Eylül ayında on binlerce işçiye iş bıraktıran gerekçeler arasında ödenmeyen ücretlerin, tahtakurularıyla dolu koğuşların, iş alanına varmak için saatlerce beklemek zorunda kaldıkları servislerin yanı sıra, yetmeyen kötü yemekler, son kullanma tarihi gelmiş peynirler, pudingler de vardı. Eylemin sona ermesi için işçilerin bir kağıda karaladıkları taleplerden biri, işçilerle formenlerin aynı yemekhanede yiyebilmesiydi. 2000’li yıllar Türkiyesini en iyi anlatacak davalardan birinin iki mutfağı burada birleştirmesi tuhaf.

Soğuk yemeklerin konduğu buzdolabının üzeri örtülmüş, ortamıza bir bırakılan bir hayalet gibi. Jandarma, polis, üst düzey güvenlik görevlileri ve hakim, manalı bir sembolizm yaratarak salona mutfaktan giriş yapıyorlar.
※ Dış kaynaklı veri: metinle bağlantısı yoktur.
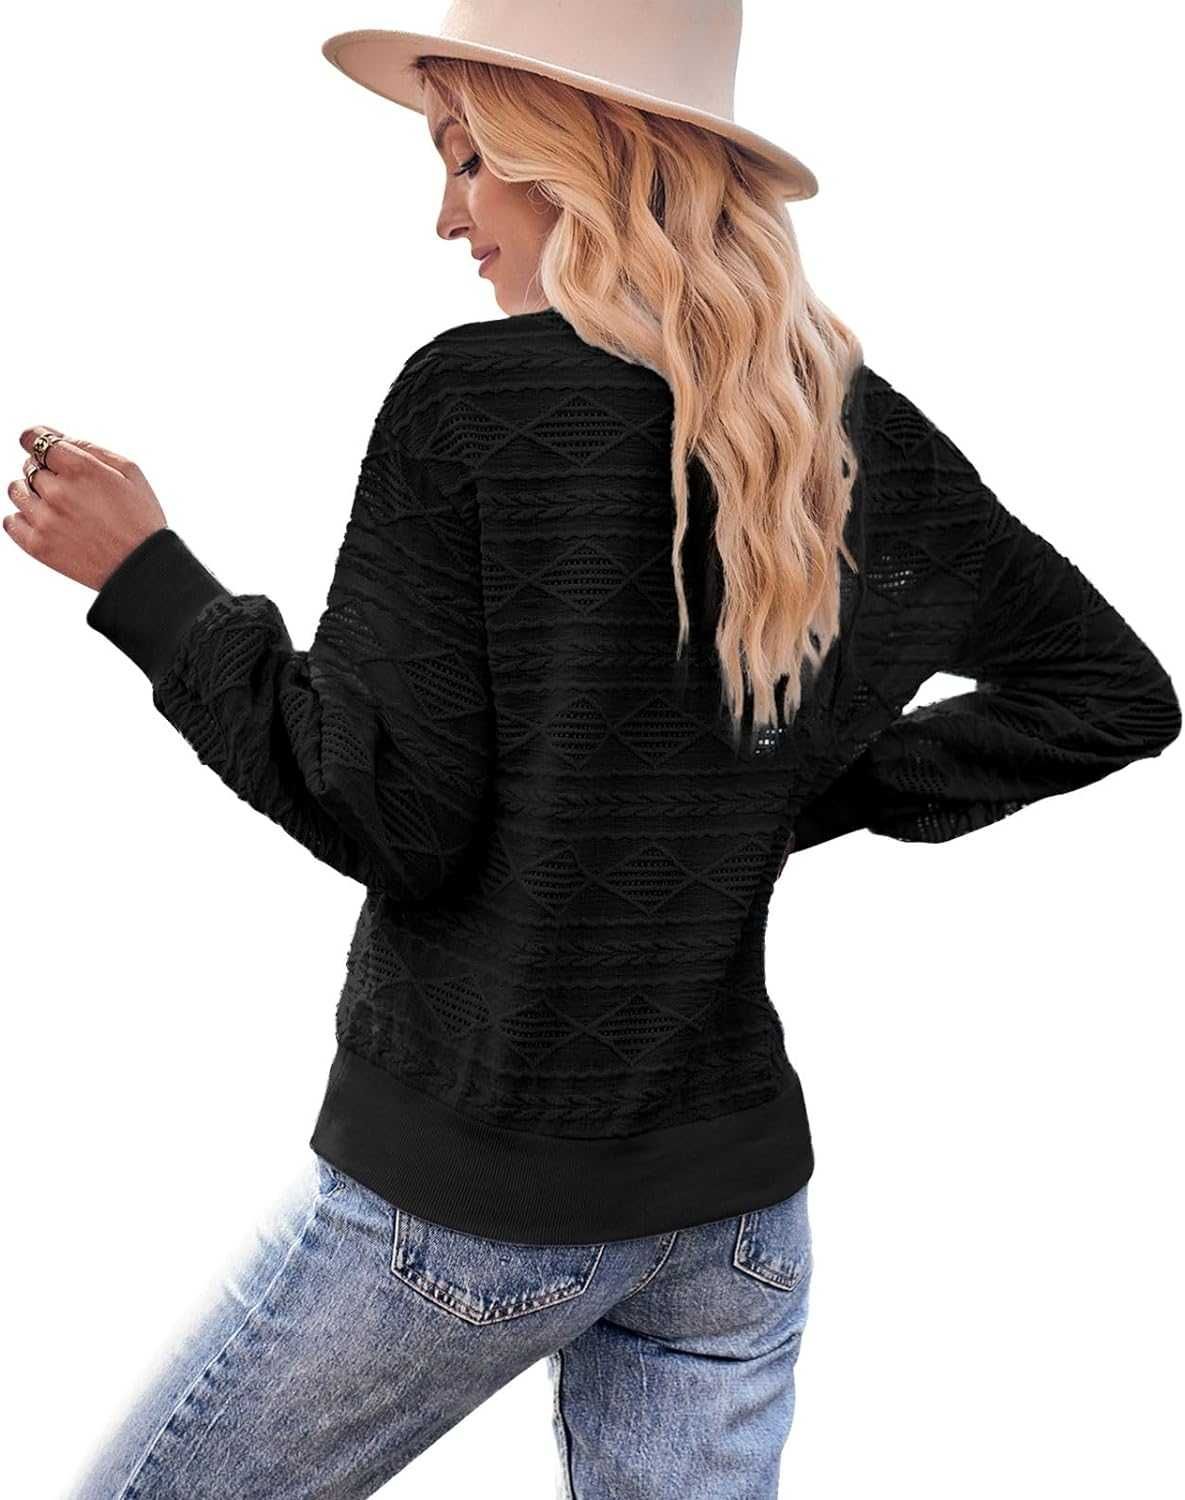 Nowa bluzka / bluza / sweter / top / pulower / czarna / XL !2231!

Salonun ortasında bulunan tutuklu ve tutuksuz işçilerse önlerine nasıl bir yemek konacağını kaygıyla bekleyen gepgenç insanlar. Kimilerinin üzerinde belli ki bir yaz düğünü için alınmış ince kumaştan ceketler, baharlık gömlekler var. Arada arkaya dönüp varsa yakınlarına, kanından olmayanın dahi içini acıtan suratlarla bakıyorlar. Çok azının İstanbul’da kayıtlı bir adresi var. Pek azının ailesinin maddi gücü binlerce kilometre öteden duruşmaya gelmeye yetmiş.

Ramazan ve Servet Gözel ile Cihan Sarıburak kuzenler. Van’da yaşayan aileleri duruşmaya gelememiş. İstanbul’daki halaları Nazife Tuncay duruşma boyunca dua üzerine dua okuyor. Yargılanan bir diğer işçi olan İlker Kurt’un sadece babası salona girebilmiş, annesi Türkan Hanım ise dışarıda soğukta bekliyor. Oğlunun bir haftadır uyumadığını anlatıyor. Arkadaşları deseniz, onlar da duruşmaya gelemediyse sevinmek gerek. İşleri var yani, işçinin arkadaşlığı bu. Örneğin işkolunda örgütlü iki sendikadan biri olan İnşaat İş’ten Tezcan Acu işinden zor izin alabilmiş. Aylardır bu konuyu anlatmaktan sesinin kısıldığını söylüyor.

O kadar tuhaf bir duruşma ki sanki hakim iki-üç yüzyıl öncesinde tarihin ilk işçi eylemlerini yargılıyor, ilk grev hakkının kararını verecek. İddianamede, su olmadığı için altı gün gölette yıkanan, tahtakurularına karşı gece ışık açık yatan, dört bayram izin kullanmamış, kaç aylık maaşından alacaklı insanların “çalışma şartları bahanesiyle“ toplandığı yazıyor. 60 işçinin ifadeleri milattan öncesinin isyanı gibi “köle değiliz“ sloganını attıran bu yüzyılın çalışma koşullarını kaydediyor mahkeme tutanaklarına. “Tahtakurularının ısırık izlerini göstereyim mi?“ diye soruyor Diyar Bozkurt.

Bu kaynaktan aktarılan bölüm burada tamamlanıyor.